You were likely affected by the consent churn bug if you observed repeated macOS permission dialogs appearing frequently (e.g., every few minutes) during your OpenClaw browser automation tasks. Specifically, if you saw multiple prompts for “Screen Recording” or “Accessibility” permissions for Chrome within a single agent session, or if your logs showed frequent TimeoutError exceptions when your agents attempted to navigate or interact with web pages immediately after browser attachment. This bug primarily impacted users running headful Chrome automation on macOS 14 (Sonoma) and later versions, where Apple’s security permissions are strictly enforced. If your agents ran exclusively on headless Linux environments, you would not have encountered this specific macOS-centric issue.
Will the CDP loopback reuse fix improve my Linux container performance?
Yes, the CDP loopback reuse fix is expected to improve your Linux container performance, especially if you deploy OpenClaw agents within Docker containers or other resource-constrained Linux environments. This fix addresses a regression where OpenClaw would inadvertently spawn duplicate Chrome processes when attempting to reconnect to an existing browser instance after a brief network interruption. Previously, if the initial reachability check to localhost:9222 failed even momentarily, OpenClaw would incorrectly launch a new Chrome binary instead of retrying the existing connection. This behavior led to memory bloat and potential port conflicts. The new implementation now waits for a 3-second retry window and attempts to reuse the existing connection before launching new processes, significantly reducing memory overhead by approximately 40MB per agent instance and preventing the “zombie Chrome” problem in second-run scenarios.

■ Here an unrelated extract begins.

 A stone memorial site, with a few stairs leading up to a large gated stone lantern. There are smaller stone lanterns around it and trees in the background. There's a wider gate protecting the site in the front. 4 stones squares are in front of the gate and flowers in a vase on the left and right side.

How does the ClawHub auth fix change credential storage on macOS?
The ClawHub authentication fix significantly improves how OpenClaw handles credential storage on macOS by ensuring it respects both native macOS Application Support paths and XDG directory standards. Previously, if you logged in via the ClawHub web interface or CLI, OpenClaw might save credentials to ~/Library/Application Support/OpenClaw/ but then, in subsequent openclaw skills commands, it might incorrectly look for them in ~/.config/openclaw/, depending on your environment variables and system configuration. This discrepancy often caused silent authentication failures where the CLI would fall back to an unauthenticated mode, resulting in empty skill lists or 429 “Too Many Requests” errors. The fix standardizes path resolution by checking XDG variables first, then falling back to macOS native paths, ensuring persistent authentication across sessions regardless of your preferred directory structure.
Should I run openclaw doctor --fix after updating to v2026.3.23?

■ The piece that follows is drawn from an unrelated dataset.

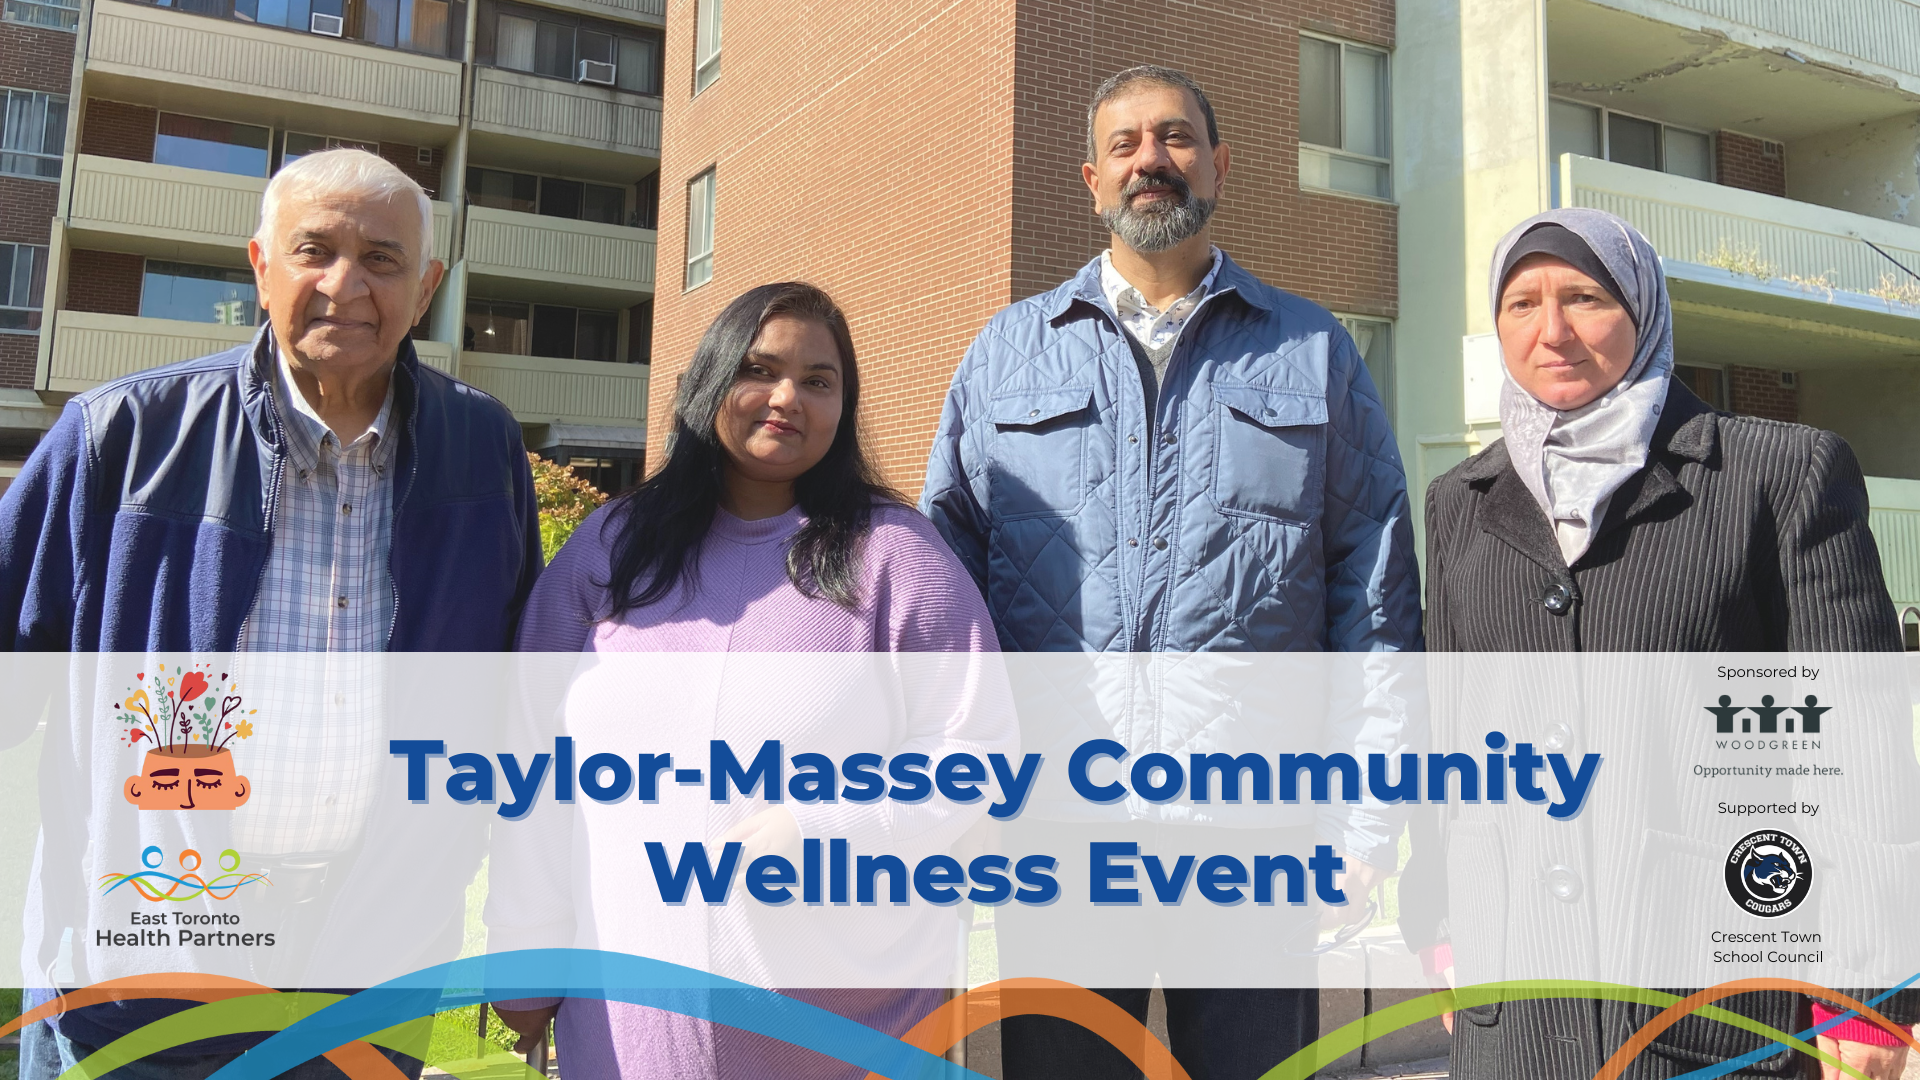 Featured image for “Join us on November 29 for the Taylor-Massey Community Wellness Event in Crescent Town”

Yes, it is highly recommended to run openclaw doctor --fix immediately after updating to v2026.3.23, especially if you utilize Mistral models or have previously encountered authentication issues. This command has been enhanced to detect and automatically repair old persistent configurations that contain unsafe Mistral max-token defaults, which could otherwise lead to output truncation. It also validates and corrects authentication path configurations to align with the new, more robust XDG and macOS Application Support handling. Furthermore, the doctor check verifies browser profile integrity and clears cached permission states that might conflict with the new readiness detection mechanisms. Running openclaw doctor --fix ensures your environment is fully aligned with v2026.3.23 assumptions, preventing legacy configuration issues from masking the significant stability improvements introduced in this release.